Monday, January 8, 2024

Chapter-10, Verse 1

Ashtavakra Gita Verse 10.1

अष्टावक्र उवाच विहाय वैरिणं काममर्थं चानर्थसङ्कुलम्। धर्ममप्येतयोर्हेतुं सर्वत्रानादरं कुरु॥१॥

1. Having given up ‘desire’ (kāma) which is the enemy, ‘wealth’ (artha – worldly prosperity) which is attended with mischief, and ‘piety’ (dharma – performance of good deeds) which is the cause of these two, cultivate indifference to everything. 

In the traditional Indian scheme of life, the Rishis found out four distinct destinations enroute to the final achievement of life, one’s total spiritual emancipation. These four way side stations are piety, wealth, desires and Liberation; the interpretation of these four goals at the level of a new initiate in a Hindu family is that he must be rooted in righteousness (piety) and without contradicting this dharma he must seek, serve and procure the necessary ‘wealth’ (artha) with which he must learn to fulfil his honest and just ‘desires’ (kāma). By thus living a steady life of spiritual discipline he shall become fit for the study of scriptures and enter into deeper meditation which would ultimately take him to his final destination, freedom or Liberation (mokṣa). 

Aṣṭāvakra is advising here a student, who is on his way to the portal of Liberation. As the student enters the higher state of meditation, the Teacher wants the student to give up all these limited goals of life which, of course, had their initial blessings to contribute in helping the student to the present state of his awakening. But, in the last lap of the journey, he cannot accomplish the great leap, unless he gets tired of all his mental preoccupations with the ideas and values which were certainly valid in earlier levels of his ego-consciousness. 

To a student of Vedānta, ‘passion’ is his enemy, inasmuch as they will distract his mind towards sense objects and thus obstruct his final plunge into deeper meditation, ‘Wealth’ is accompanied by mental anxieties, both in its acquisition and its preservation. And ‘piety’, here meaning good and noble acts, both secular and sacred, also is to be given up because they are the cause for conferring upon him more worldly wealth and sense enjoyments. Later on, we will be told how even the anxiety for Liberation (mokṣa) is also to be given up. 
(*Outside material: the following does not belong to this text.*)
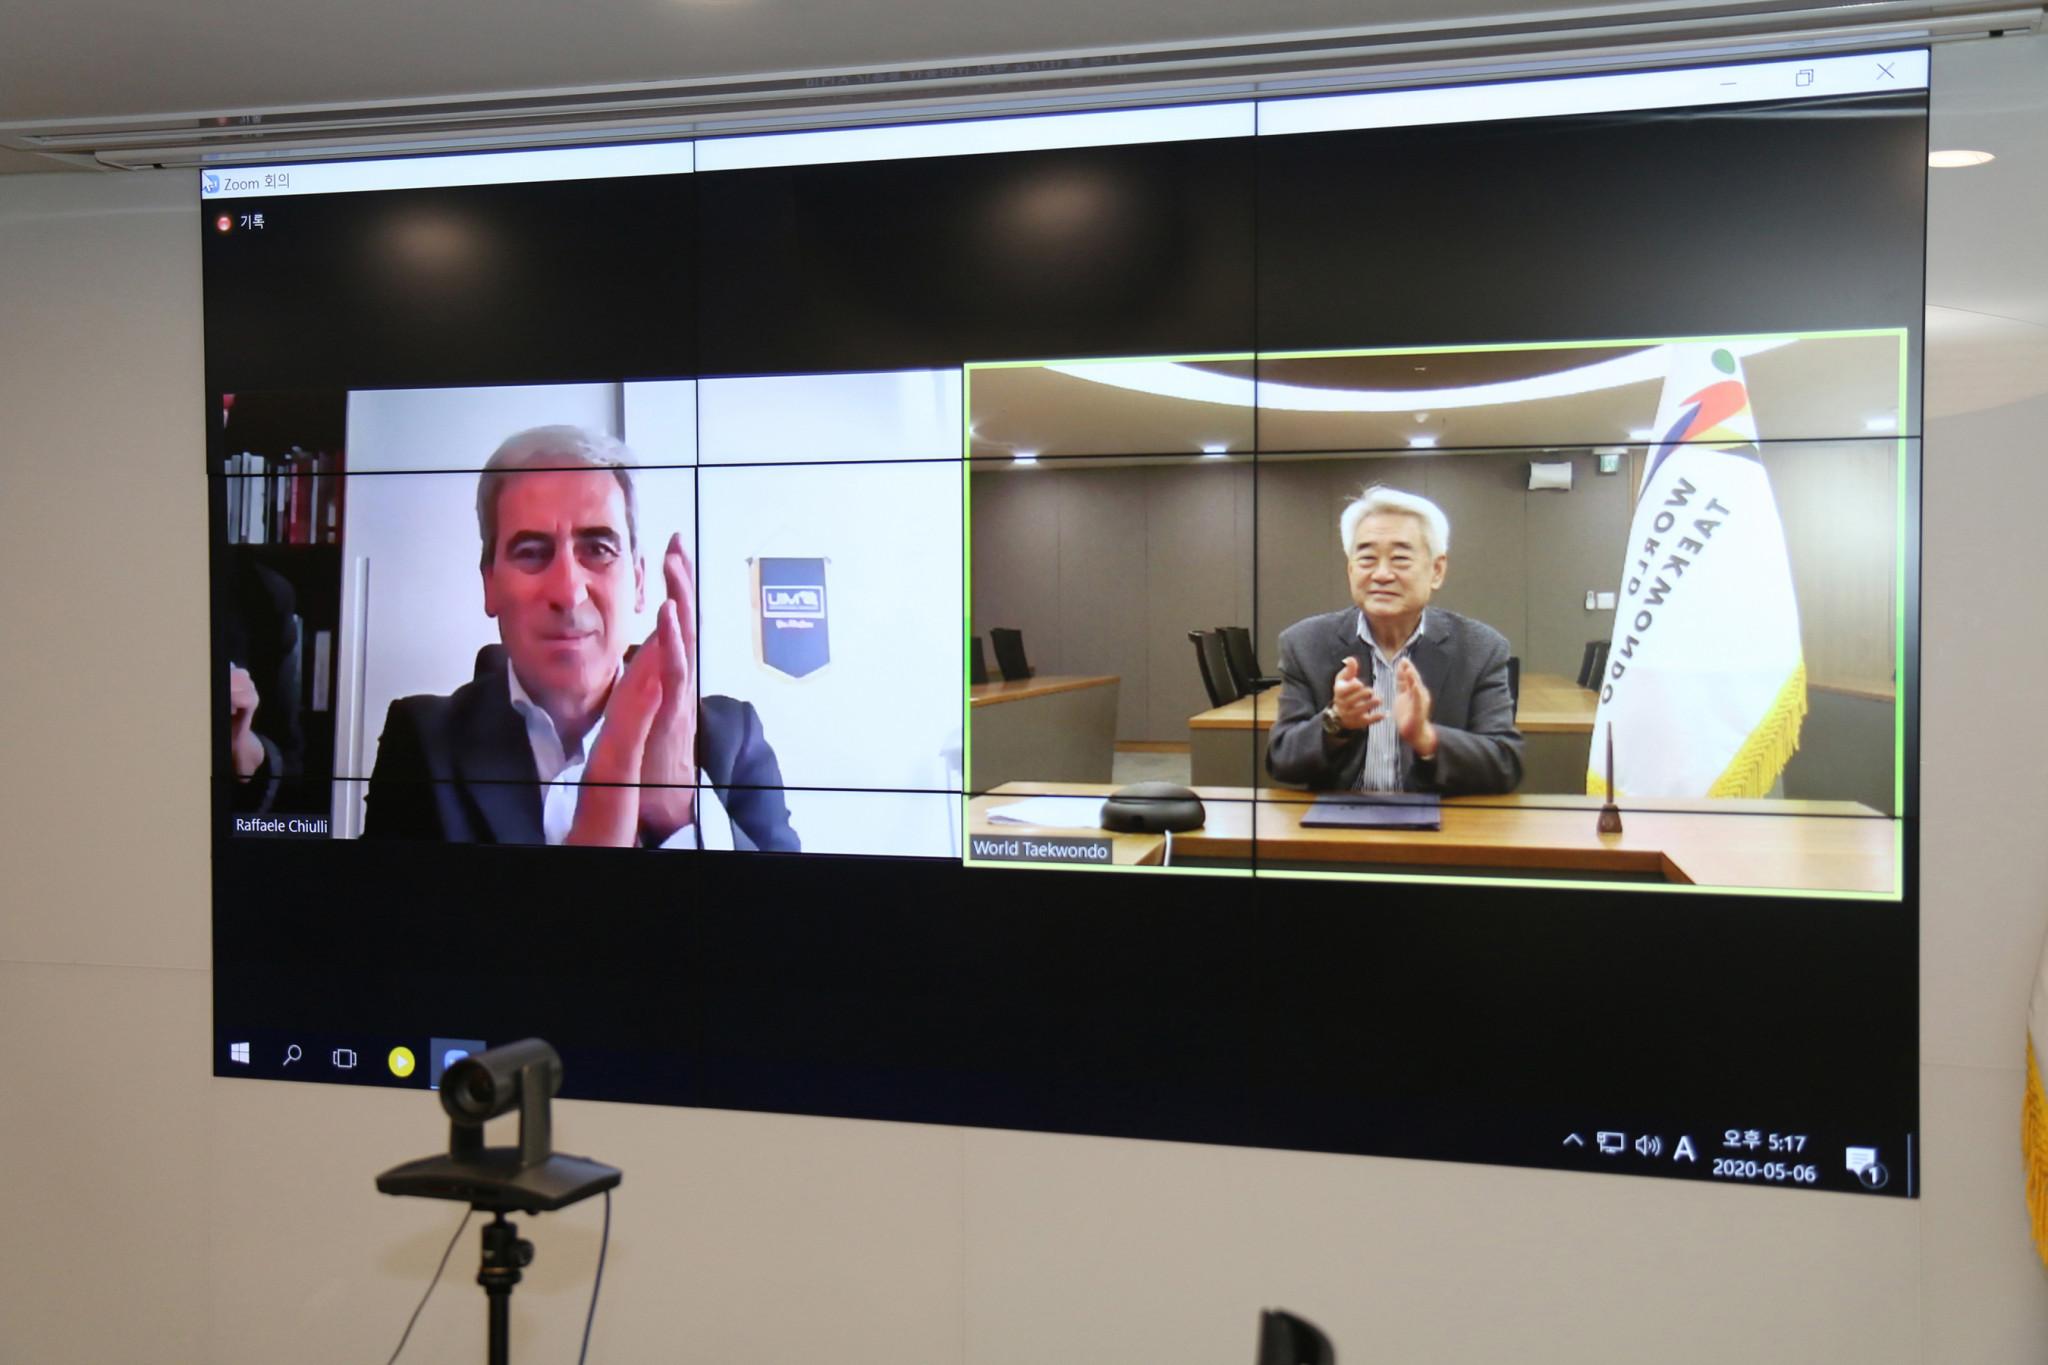 WT and THF President Choue Chung-won and UIM President Raffaele Chiulli met online ©WT
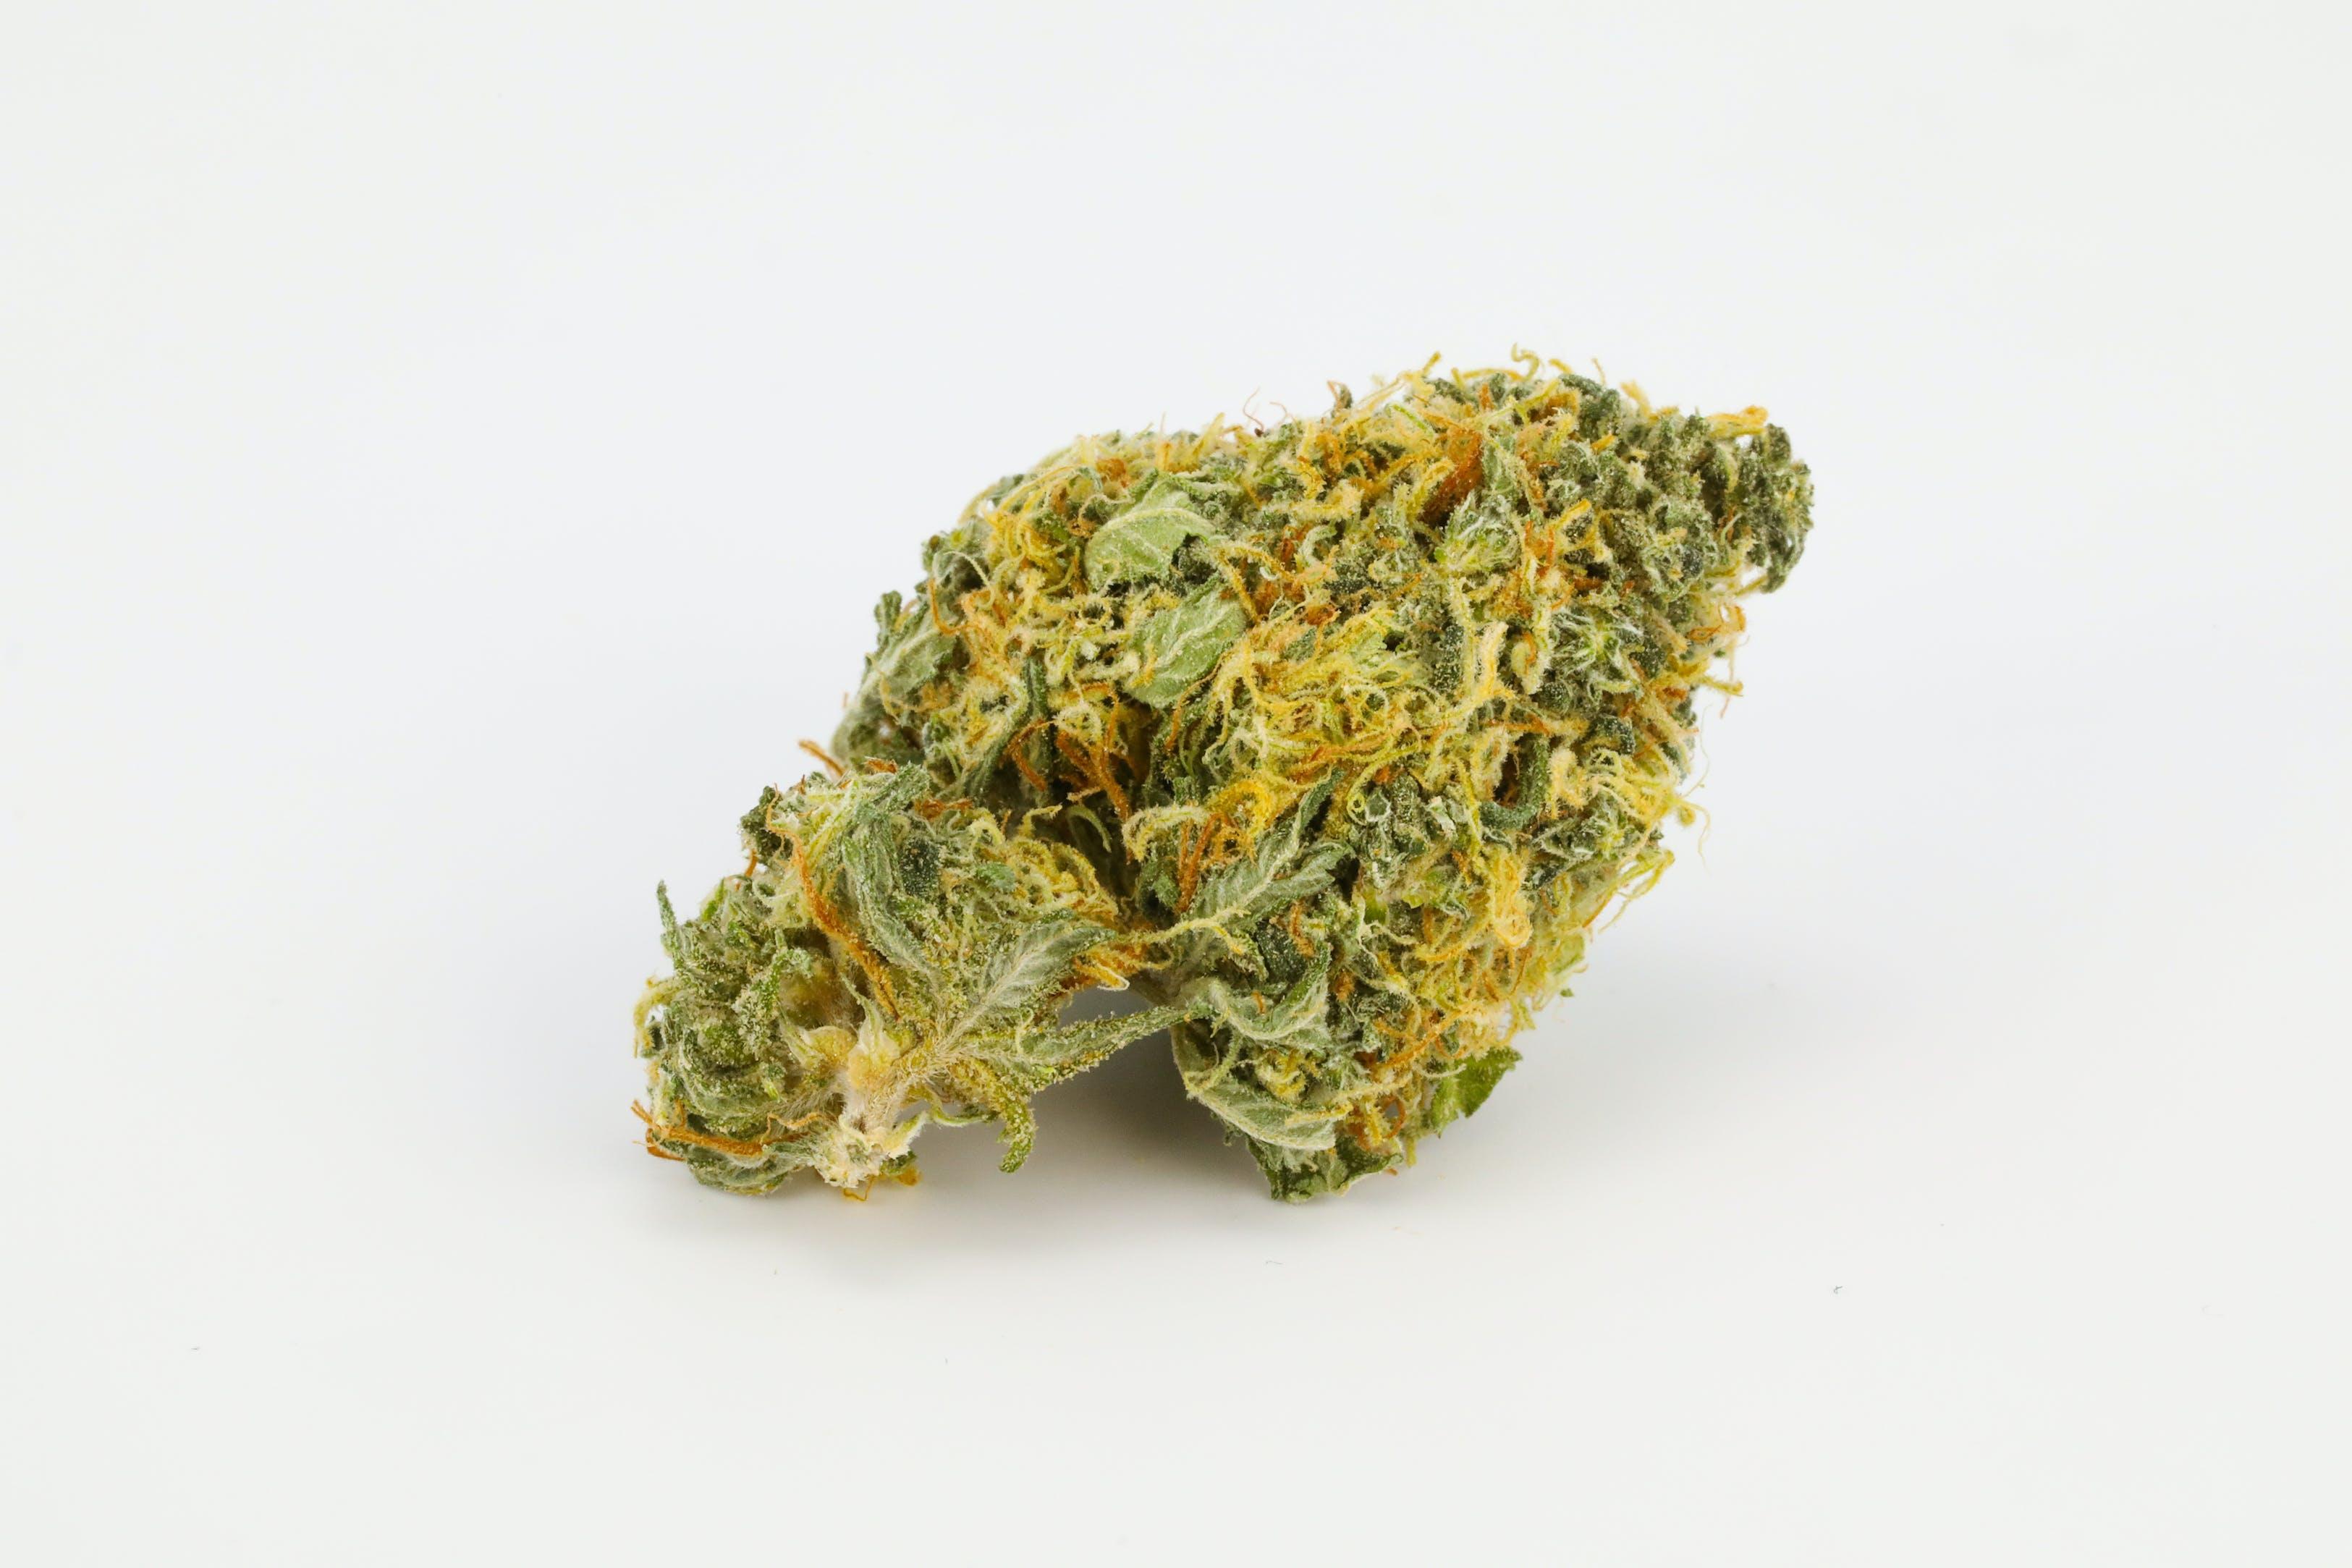 Marionberry Kush weed; Marionberry Kush Cannabis Strain; Marionberry Kush Hybrid Marijuana Strain

This is the state of highest dispassion (vairāgya) which is to be lived in the meditation seat while transcending the mind, rather than in the world while communicating with the other members of the community. This attitude of ‘total-dispassion’ is not a mere physical act of running away from the enjoyments of objects. This is an attitude that the student discovers in himself as a result of a healthier understanding of the world around him.